Bloodfever - Page 98/100

I almost muttered a “thanks” but caught myself. “I know there are no male sidhe-seers.” When he opened his mouth I said, “Spare me,” before he could toss a pithy comment my way. “I know you’re male and I know you see them. We don’t need to revisit that. I also know you’re superstrong and that you rarely touch the spear. So how long have you been eating Unseelie, Barrons?”

He gaped a moment, then his shoulders began to shake, his chest rumbled, his dark eyes glittered with amusement, and he laughed.

“It is a perfectly logical assumption,” I bristled.

“Yes,” he said finally, “it is. It startled me with its logic. But it’s not true.”

I studied him through narrowed eyes. “Maybe that’s why the Shades don’t eat you. They’re not cannibals and you’re full of their brethren. Maybe they don’t like dark meat.”

“So, stab me,” he said softly.

I slipped my hand beneath my jacket, fisted my hand around the hilt of the spear. It was pure bluff. We both knew I wouldn’t.

Behind the counter the phone rang. I stared into Barrons’ dark eyes while the phone rang and rang. I remembered kissing him, remembered the images: the desert; the hot, killing sirocco; the lonely boy; the endless wars. I wondered whether if I kissed him again, I’d get inside him again. The phone rang. It occurred to me that it could be my dad. Jerking my gaze away with an effort, I pushed off the sofa and grabbed the phone.

“Hello?” It wasn’t my dad. “Christian! Hi, yes, actually I’d love to. No, no, I didn’t forget! I got tied up.”

I’d had other things on my mind, been wound tight as a knot.

But I was okay now. Things were back to normal. I was Mac Lane, sidhe-seer, armed to the teeth with spear, knives, and flashlights. Barrons was…well, Barrons, and the hunt for the Sinsar Dubh was back on.

And tonight would be a fine night to spend with a good-looking young Scotsman who’d known my sister, and learn what he knew.

“I’ll be there in forty minutes.” I wanted to change and freshen up. “No, no need to come get me. I’ll walk. Don’t worry, I’ll be fine.”

“A date, Ms. Lane?” Barrons said, when I hung up. He was motionless. In fact, for a moment I wasn’t certain he was breathing. “You really think that’s appropriate in the midst of our current circumstances? There are Hunters out there.”

I shrugged. “They fear my spear.”

“The Lord Master’s out there.”

I gave him a dry smile. “Then I guess it’s a good thing you won’t let me die.”

He returned my smile with the ghost of one, even dryer. “He must be something, if he’s worth walking Dublin’s night.”

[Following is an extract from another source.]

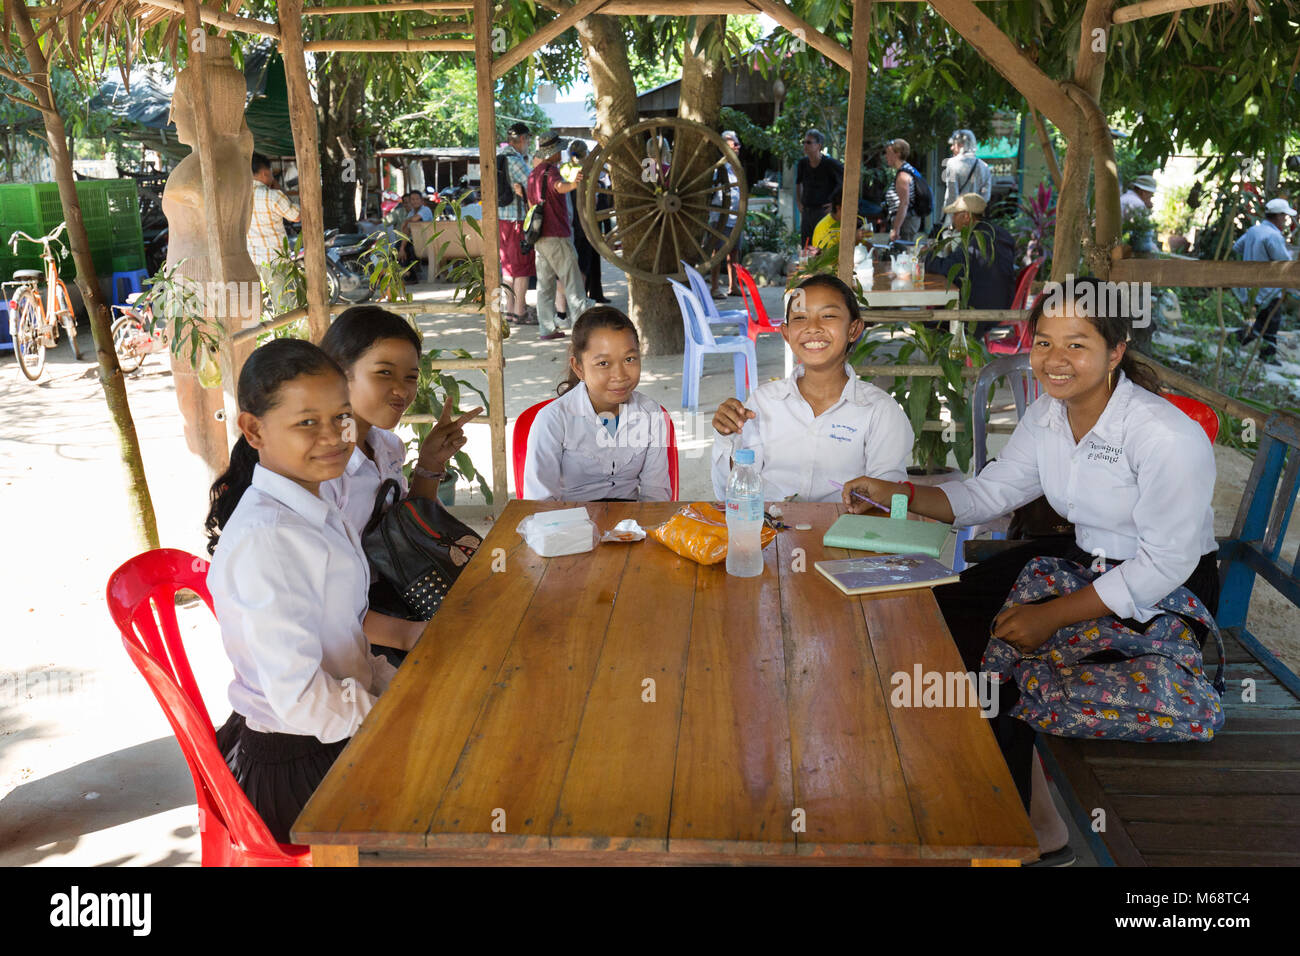 Cambodia children - teenage schoolgirls in school uniform aged 13-14 years,  Cambodia, Asia Stock Photo

“He is.” I didn’t tell him he’d been my sister’s friend. Volunteering information isn’t something Barrons and I do with each other. We let each other stew in whatever messes we’ve created for ourselves. The day he stops, I’ll stop.

“Shouldn’t I be giving you a curfew?” he mocked.

“Try.” I turned for the connecting doors. I would wash my face, brush on blush, mascara, and lip gloss, and put on something pretty and pink. Not because I thought of this as a date. I didn’t. Scotty might have known my sister and he might know a little about what we were, but he couldn’t live in my world. It was too dangerous for the average man, even one armed with a bit of knowledge.

I would wear pink because I knew my future was anything but rosy. I would accessorize myself to the hilt, and I would wear flirty shoes because my world needed more beauty to counter all the ugliness in it. I would wear pink because I hated gray, I didn’t deserve white, and I was sick of black.

As I reached the connecting door, I stopped. “Jericho.”

“Mac.”

I hesitated. “Thank you for saving my life.” I slipped through the door. Before I pulled it closed, I added softly, “Again.”

TWENTY

I had to walk through Temple Bar to get to Trinity where I was meeting Christian.

I passed Inspector Jayne on the way. He and two other Garda were attempting to subdue a group of combative drunks. He gave me a sharp, furious look as I passed, making it clear he’d not forgotten about me, or his brother-in-law’s murder. I had no doubt I would be seeing him again soon. I didn’t blame him. I was hunting a murderer, too, and I knew how he felt. Problem was, he was targeting the wrong person. I wasn’t.

Although you might think after everything I’d been through I would fear the night, I didn’t. Night’s just Day’s other cheek. It’s not the darkness that frightens me; it’s the things that come out in it, and I was ready for them.